Etapa 3 — avaliação de riscos
Só agora aparece a nota:
Duas variáveis, e cada uma tem regra própria:
- Severidade — pelo item 1.5.4.4.3, a gradação leva em conta a magnitude da lesão ou agravo, que por sua vez considera as consequências da ocorrência (item 1.5.4.4.3.1).
- Probabilidade — pelo item 1.5.4.4.4, a gradação da chance de ocorrência tem os seus próprios critérios.
E o item 1.5.4.4.2.1 devolve à organização a escolha da ferramenta: ela seleciona as técnicas de avaliação que vai usar. Ou seja, não existe uma matriz oficial obrigatória — existe a obrigação de escolher uma e declarar como ela funciona.
Por isso a alínea "f" do inventário existe
Matriz sem critério declarado é matriz que não confere. A NR-01 dá liberdade de método — e cobra transparência em troca, na alínea “f” do item 1.5.7.3.2. Nós tratamos essa alínea como requisito de aceite.
Uma matriz 5×5 colorida que não explica o que é severidade 3 ou probabilidade 4 não permite conferência por ninguém: nem por auditor, nem por perito, nem pelo médico que vai montar o PCMSO em cima daquela classificação. O documento fica bonito e inauditável ao mesmo tempo.

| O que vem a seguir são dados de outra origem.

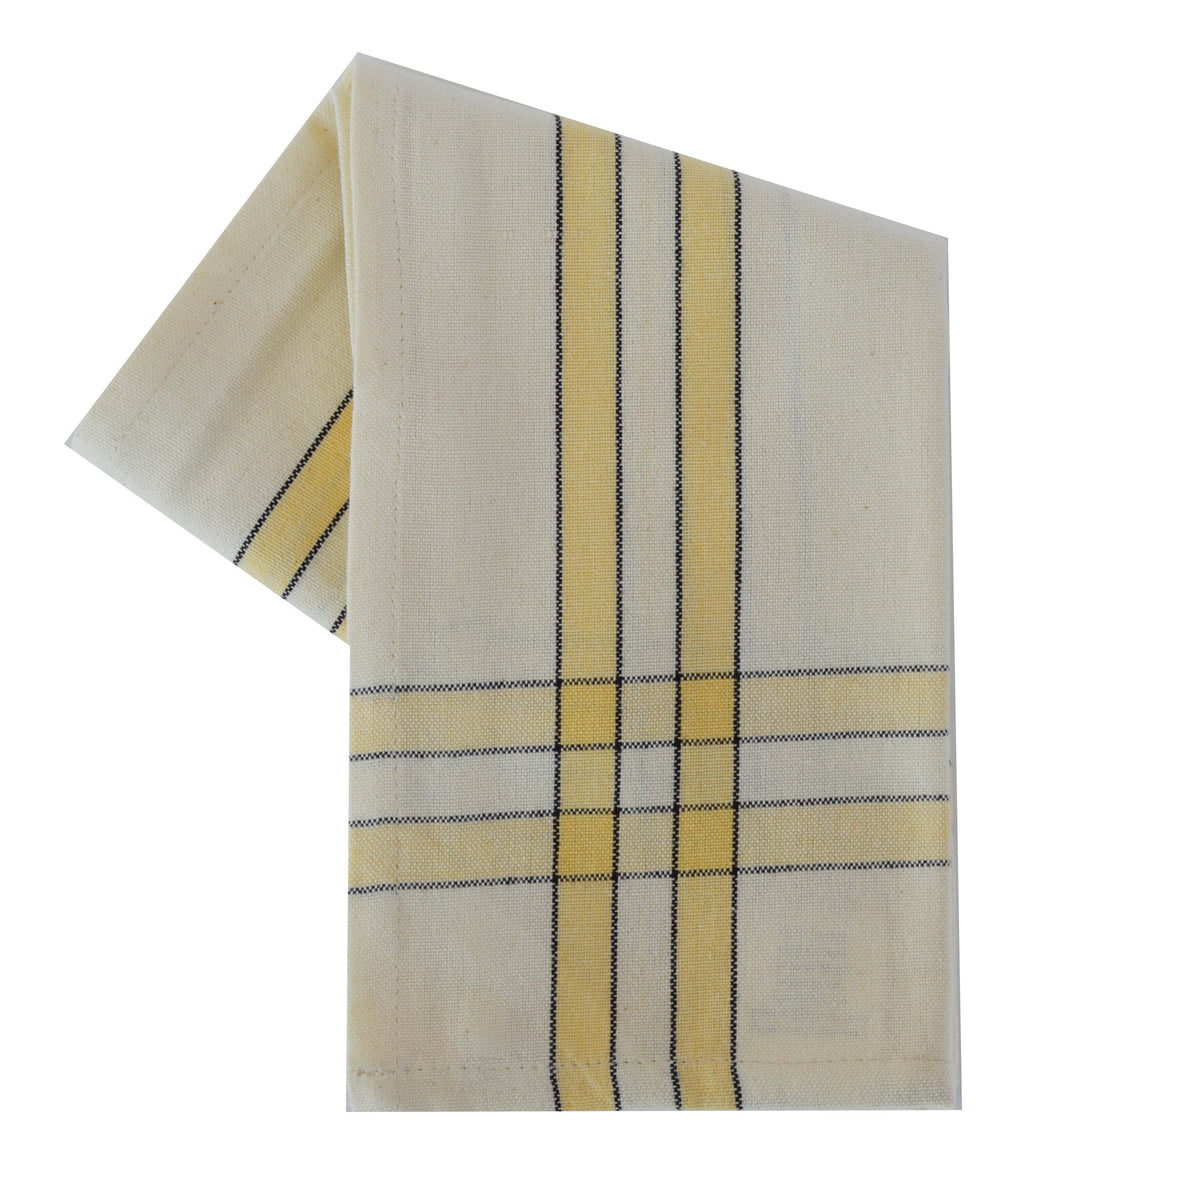 Fall Seasonal Towel Set Two Stripe Border Variety set of 5
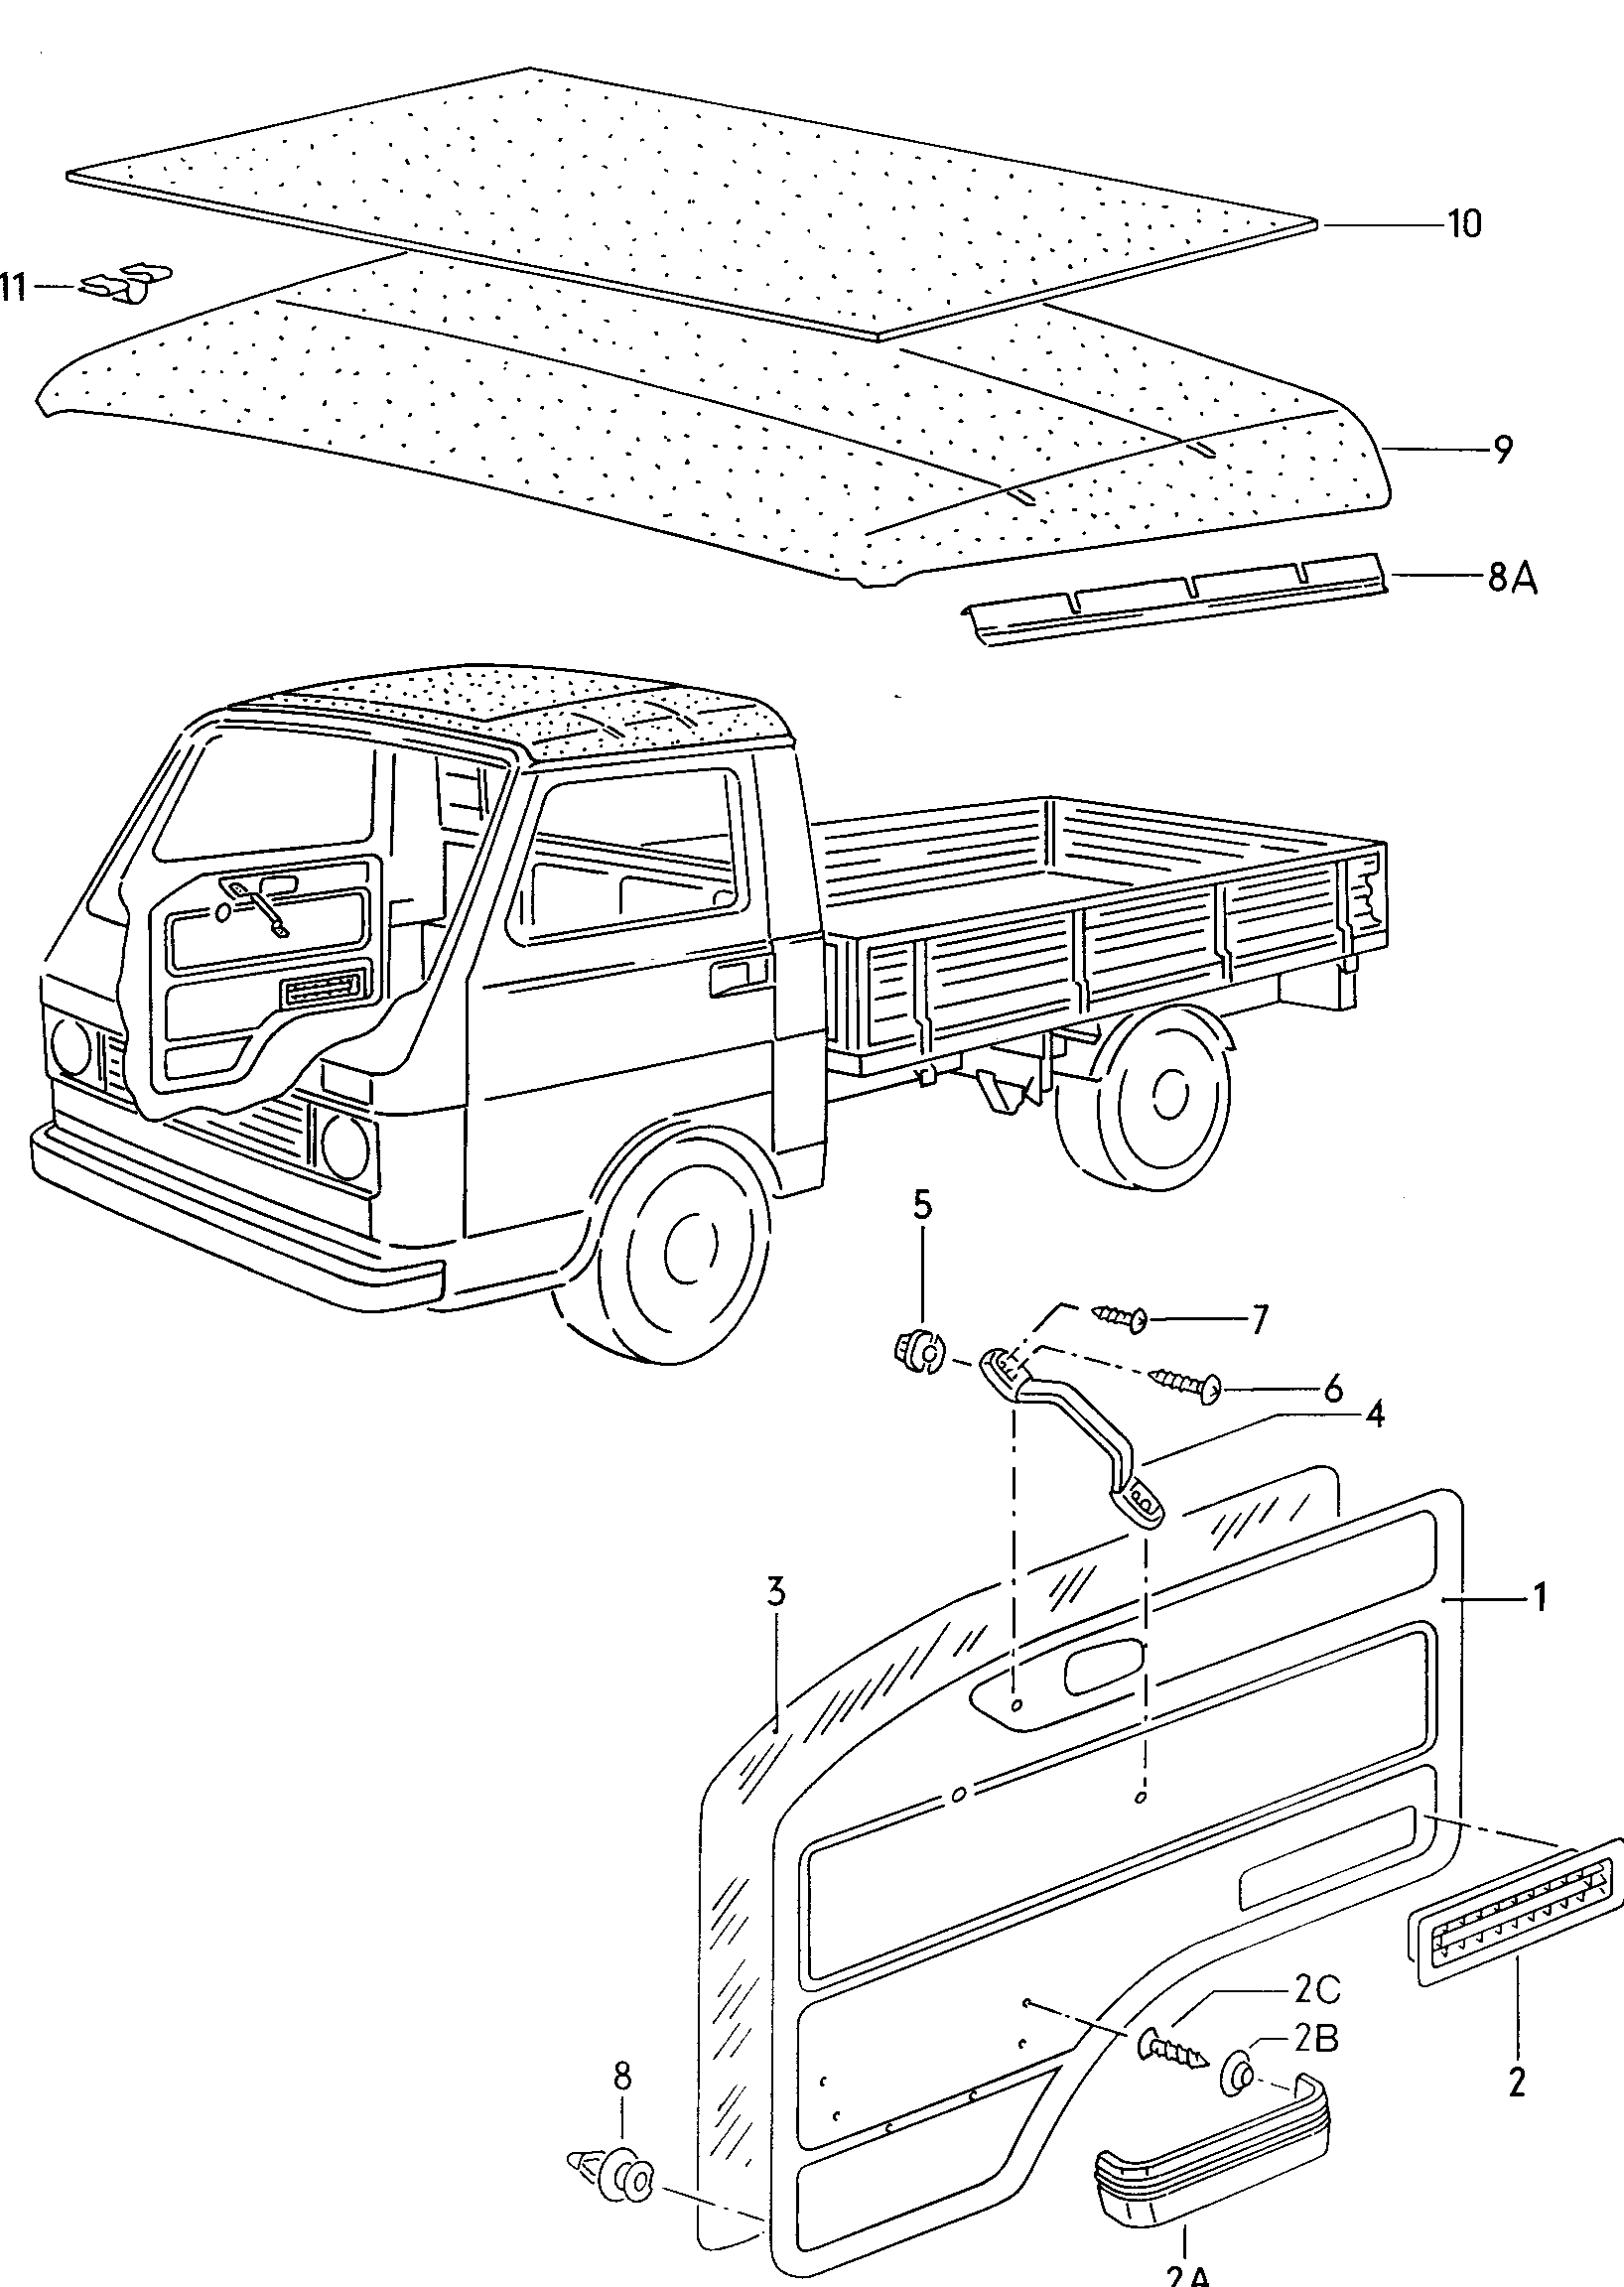 Revestimiento del techo cabina doblecamioneta - LT, LT 4x4 - lt

E a fonte do perigo não é detalhe. Inventário que escreve "ruído" sem dizer de qual máquina, em qual operação e em que momento não identificou o perigo — apenas nomeou o agente. Sem fonte não há medida de prevenção que ataque a causa, e o plano de ação degenera em "fornecer EPI".
Resumo em uma tabela
| Etapa | Pergunta que responde | Item |
|---|---|---|
| Levantamento preliminar | Existe perigo aqui? Dá para evitar? | 1.5.4.2 |
| Identificação de perigos | O que pode machucar, de onde vem, quem está exposto? | 1.5.4.3 |
| Avaliação de riscos | Quão grave e quão provável? | 1.5.4.4 |
| Inventário | Como tudo isso ficou registrado, com quais critérios? | 1.5.7.3 |
Quem entende essa sequência lê qualquer PGR em minutos — inclusive para descobrir onde ele pula uma etapa. Veja também quando o inventário precisa ser revisto.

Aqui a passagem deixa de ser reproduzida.